Les déterministes se sont placés souvent au point de vue de Laplace qui, supposant une intelligence universelle, capable de soumettre toutes les forces de la nature à l’analyse mathématique, lui faisait résoudre ce problème déjà indiqué par Leiïbnitz et Kant : — Étant donné l’état présent du monde, en déduire par le calcul le passé et le futur. Et ce problème en renferme un autre plus intéressant encore : — Étant donnée une intelligence et son état présent, pour- rait-elle, avec une science assez grande, calculer elle-même sa conduite à venir ? — Peut-être de tels calculs sont-ils de fait impossibles au sens mathématique, si les phénomènes et les êtres constituent une multiplicité infinie en tout sens, qui ne se laisserait pas mettre en équation régulière. Mais, en supposant ce calcul mathématiquement possible, on a soutenu qu’alors même il ne pourrait tout embrasser, parce qu’il trouverait une limite infranchissable dans quelque indétermination intérieure aux choses, dans une contingence radicale, dans une ambiguïté des objets rebelle aux prises de la pensée ? C’est sur cette idée de contingence des futurs que nous voulons proposer quelques réflexions, en relevant les principaux paralogismes auxquels elle a donné lieu.

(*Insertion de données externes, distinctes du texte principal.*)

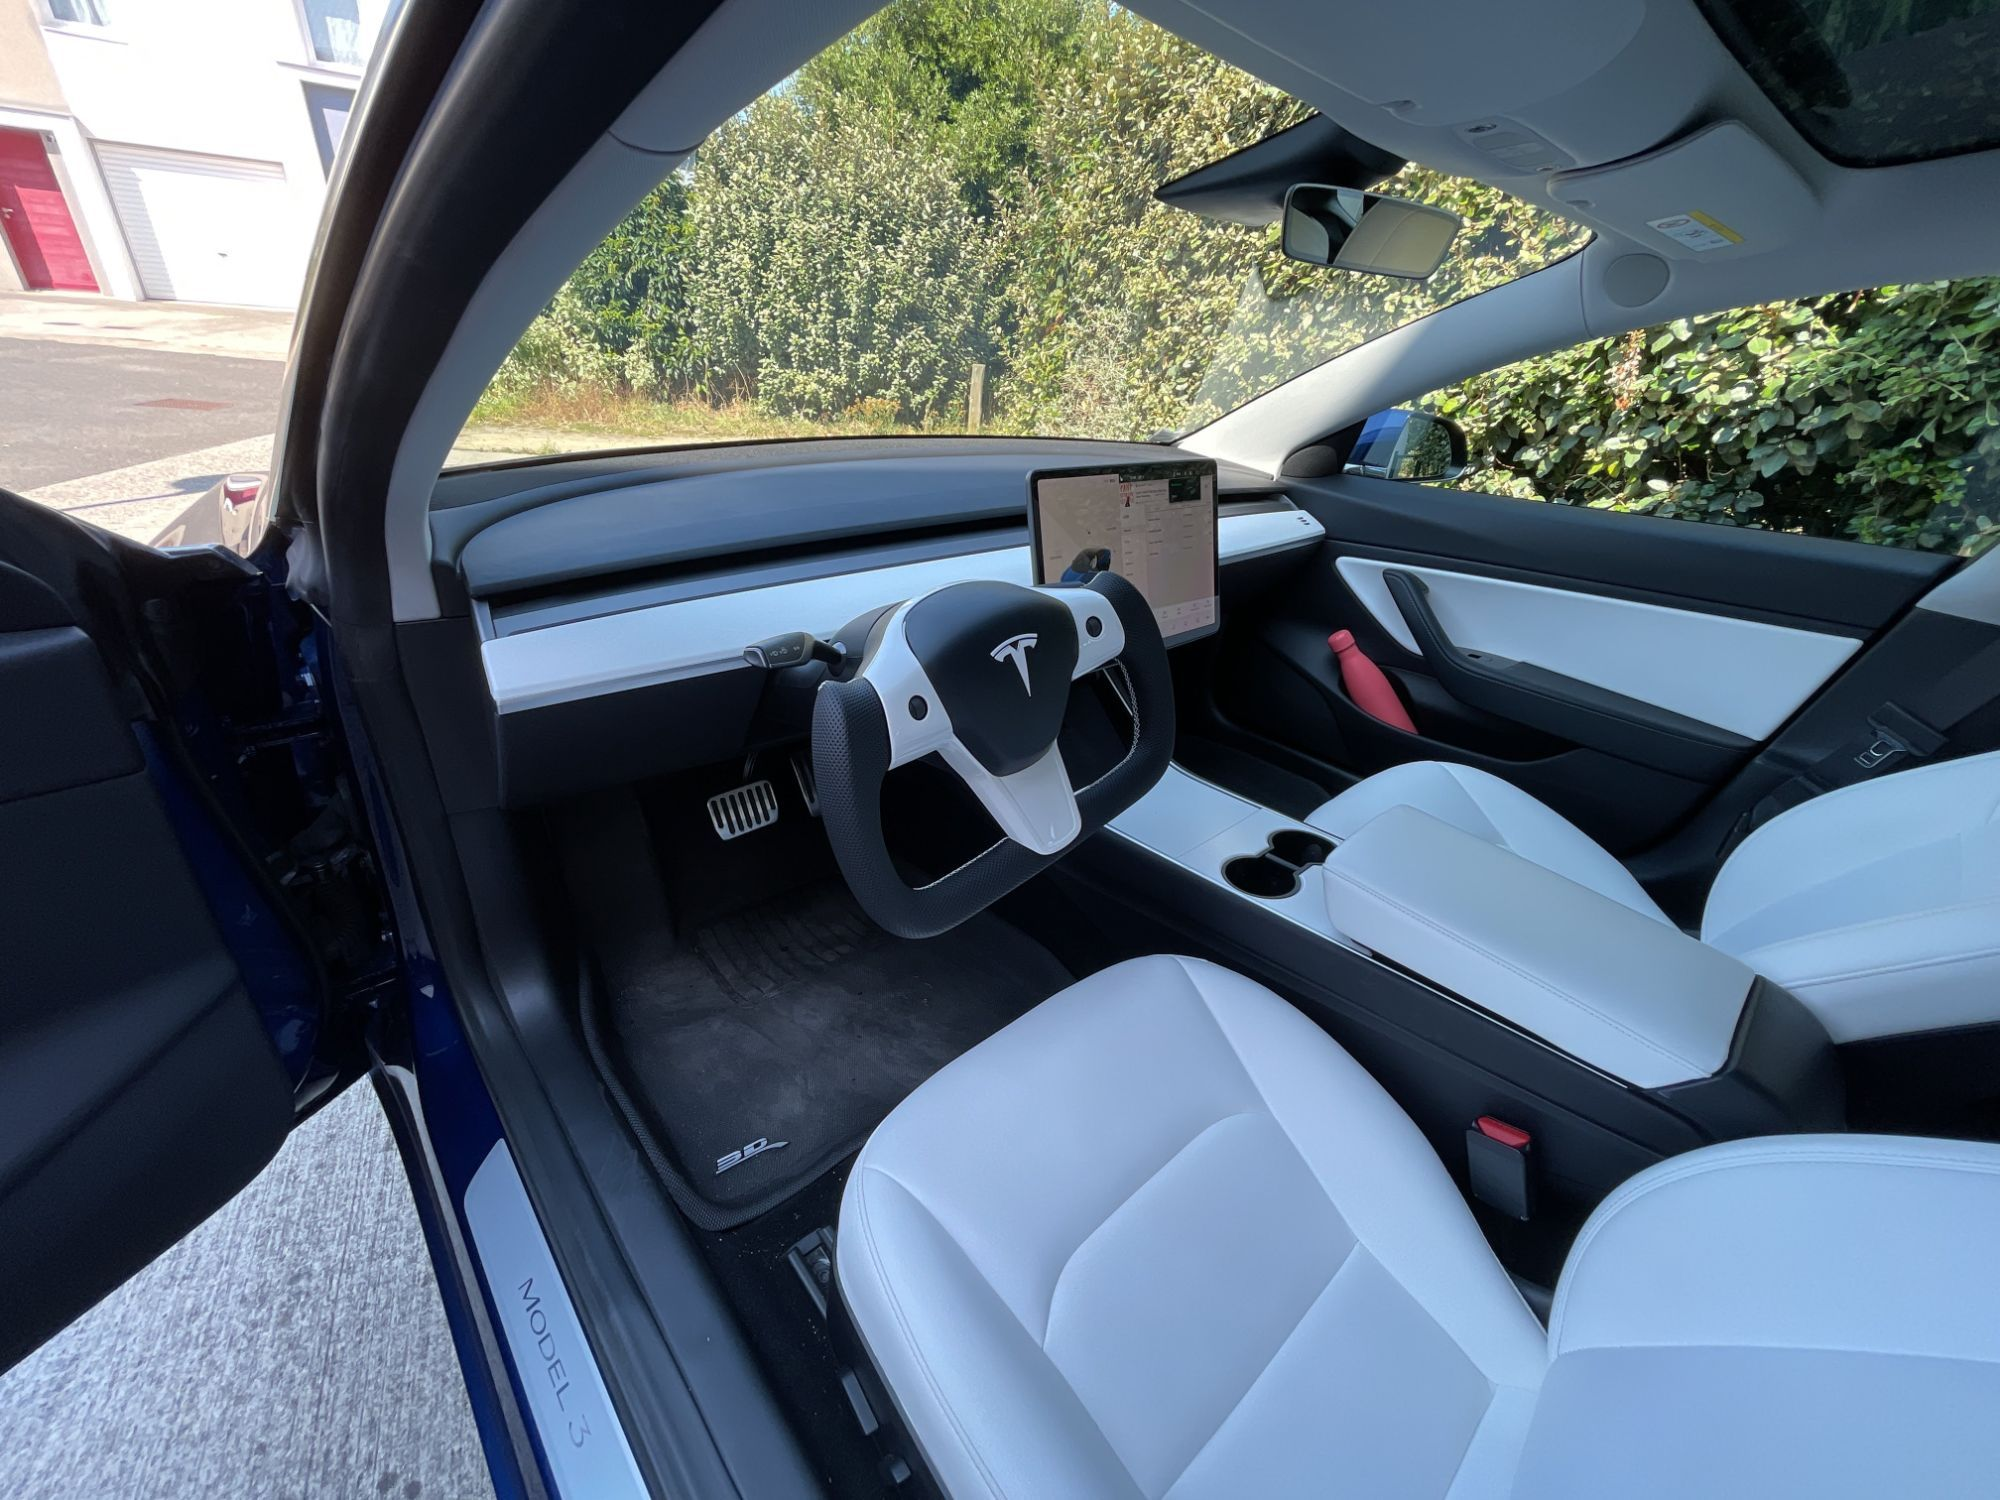 Volant Yoke Tesla Model 3 : comment l'installer et où l'acheter ?

Examinons d’abord, par l’analyse psychologique, comment se forme dans notre esprit l’idée même de la contingence des futurs et, en particulier, du pouvoir des contraires qu’on nomme libre arbitre. Avons-nous vraiment conscience du possible et du contingent dans notre volonté, comme le soutiennent les philosophes qui croient les idées de libre arbitre et de contingence inexplicables par une autre cause que par la réalité même d’une puissance des contraires ? Après avoir fait la genèse de l’idée de contingence dans le sujet pensant, nous chercherons si cette idée est objectivement confirmée par le calcul des probabilités et par la statistique. Enfin, nous aurons à nous demander jusqu’à quel point l’idée de contingence,

  1. Voir les numéros de décembre 1882 et avril 1883.